The evolution of genes for intermediate filament proteins remains a mystery. These genes are found in both Bacteria and the higher branches of the animal lineage, but their presence has not been verified in eukaryotes that branched before animals. Given this large gap in the history of these genes, the bacterial and animal genes might have evolved separately, a rare example of convergent evolution, or the genes might have moved between these domains of life by lateral transfer.

In Bacteria, the intermediate filaments are required for the asymmetrical shape of Caulobacter crescentus (Fig. 35-1C). Genes for animal intermediate filament proteins arose in early metazoan cells, encoding nuclear lamins (see Fig. 14-7). Most metazoans including chordates, mollusks, insects, and nematodes (see Fig. 2-9) retain genes for lamins. An invertebrate organism in the lineage leading to chordates duplicated a lamin gene, which was subsequently modified by deletion of the nuclear localization sequence and the CAAX box (a C-terminal prenylation site, see Fig. 7-9) giving rise to cytoplasmic intermediate filaments. (Cytoplasmic intermediate filaments of mollusks and nematodes retain more features of lamins, so they seem to have evolved separately.) After deletion of the codons for 42 residues of the coiled-coil in early chordates, further gene duplication and divergence produced the four families of genes for cytoplasmic intermediate filaments of vertebrates (Table 35-1).

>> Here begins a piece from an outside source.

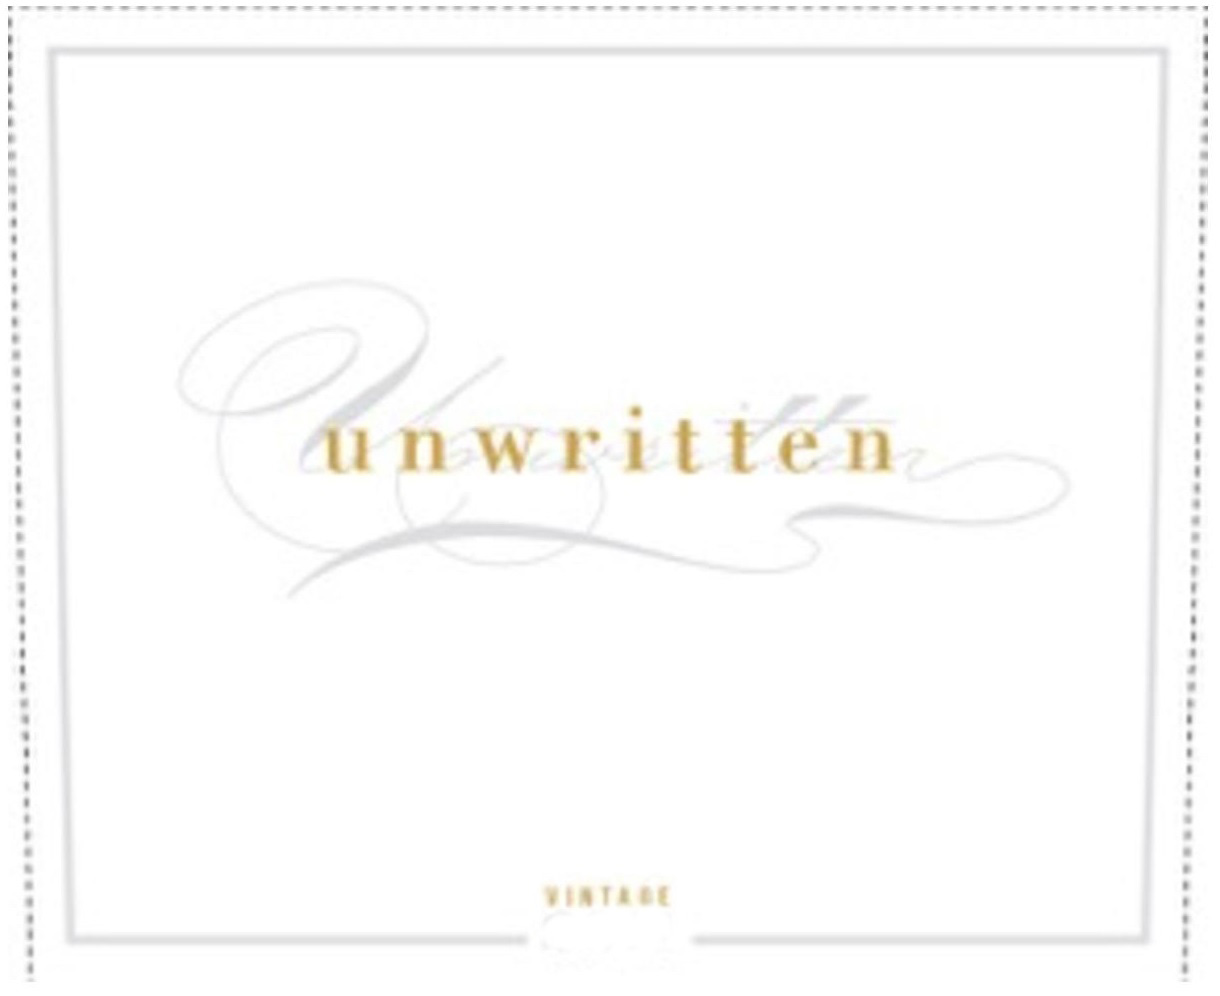 Unwritten - Cabernet Sauvignon label

These gene families have further diverged, so today sequence similarities are greater between species for each family of intermediate filament protein than for the different families of intermediate proteins within one species. For example, human desmin is much more similar to frog desmin than it is to human keratin. This suggests that unique functional requirements of each class of intermediate filament protein have conferred strong selective pressure on their genes.

Polymer Structure

Intermediate filaments are about 10 nm in diameter with wavy profiles in electron micrographs of thin sections of cells (Fig. 35-1B) or after negative staining isolated filaments (Fig. 35-3B). In some cases, the N- or C-terminal domains project from the surface (Fig. 35-3C). The most carefully studied intermediate filaments are built from four-chain, antiparallel molecular dimers that associate end to end in protofibrils like the strands of a rope (Fig. 35-3D). A cross section has up to 16 coiled-coils, but their internal arrangement is not known. Since tetramers lack polarity, intermediate filaments are considered to be apolar (i.e., both ends of the filament are equivalent; Fig. 35-3D). This is a striking difference from actin filaments (see Fig. 33-8) and microtubules (see Fig. 34-5), which depend on their polarity for many functions, including the unidirectional motion of motor proteins.